The dynamical stability of the studied monolayers was examined via phonon dispersion calculations, performed using the supercell approach implemented in the PHONOPY package. These calculations provided insights into the phonon band structure and the atom-projected density of states (PDOS). Thermal stability was evaluated by performing finite-temperature ab initio molecular dynamics (AIMD) simulations at 300 K for 5000 time steps. The mechanical stability of the system was further verified by ensuring compliance with the Born–Huang criteria.

For a more precise description of electronic properties, band structure calculations were refined using the Heyd–Scuseria–Ernzerhof (HSE06) screened hybrid functional. Charge transfer and bonding characteristics were analyzed using the Electron Localization Function (ELF) and Bader charge method, providing a detailed understanding of the adsorption interactions on the monolayer surfaces.

Results and Discussion

Geometrical Structures of Bare b-ZnCdO2 and g-ZnCdO2 Monolayers

Figure a,b presents the optimized atomic structures of the pristine b-ZnCdO2 and g-ZnCdO2 monolayers.
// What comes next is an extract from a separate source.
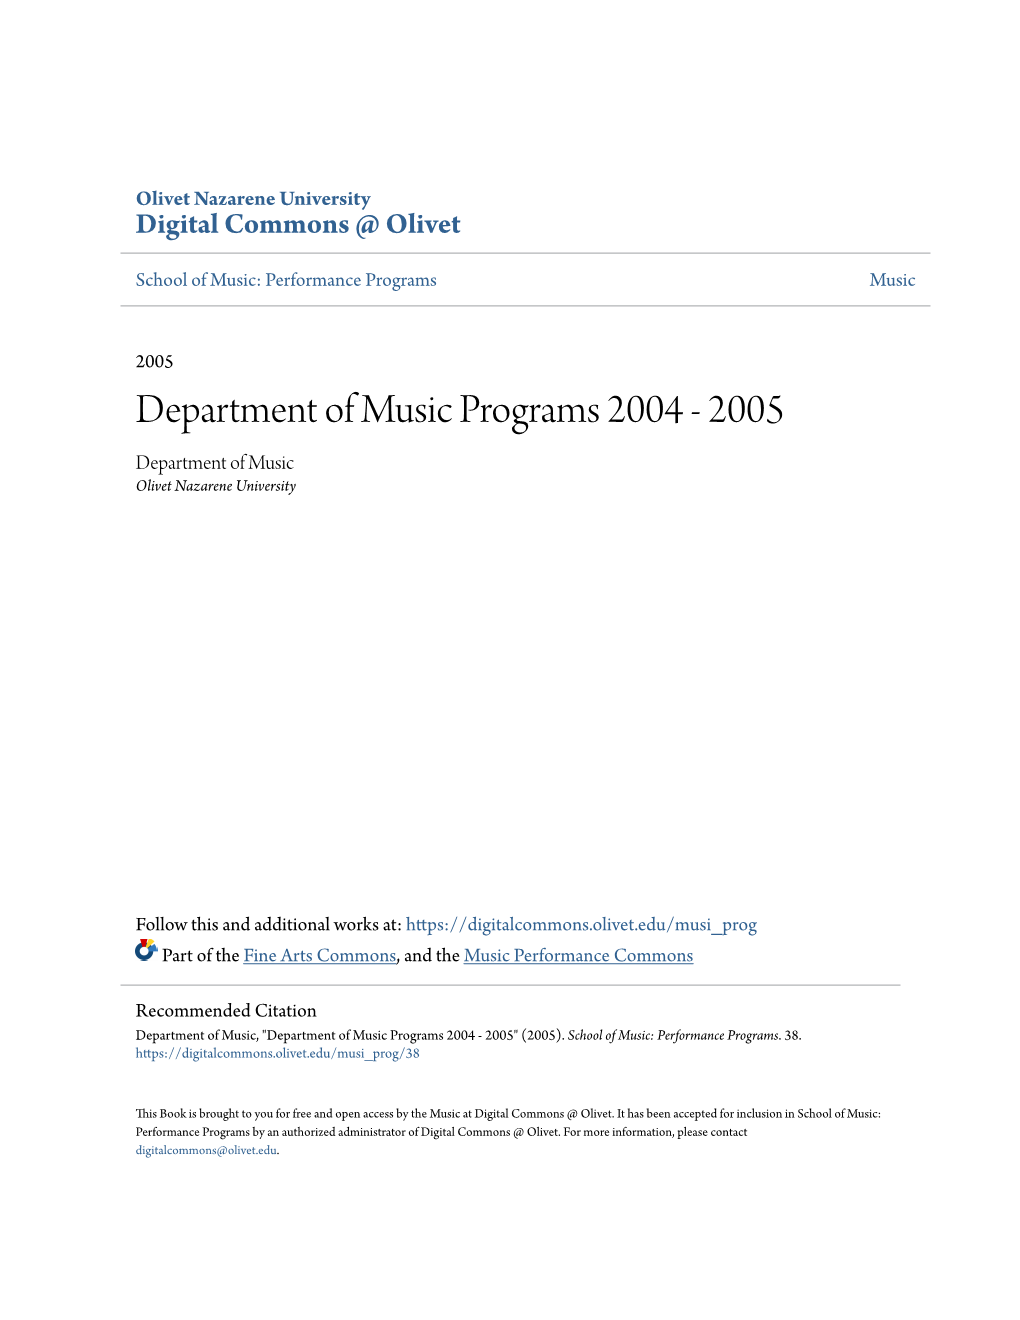 Department of Music Programs 2004 - 2005 Department of Music Olivet Nazarene University

The b-ZnCdO2 monolayer features a periodic arrangement of 4-, 6-, and 8-membered rings, forming a tetra-hexa-octa framework that departs from the conventional hexagonal symmetry observed in graphene. In contrast, the g-ZnCdO2 monolayer exhibits a dodecagonal network, where 12-membered rings are systematically enclosed by 4- and 6-membered rings, contributing to its extended lattice structure. Notably, each cavity within these frameworks maintains a nondangling bond, with dimensions determined by the atomic composition of the unit cell. Structurally, each unit cell comprises three Zn, three Cd, and six O atoms, each coordinated with three neighboring atoms, which ensures lattice stability.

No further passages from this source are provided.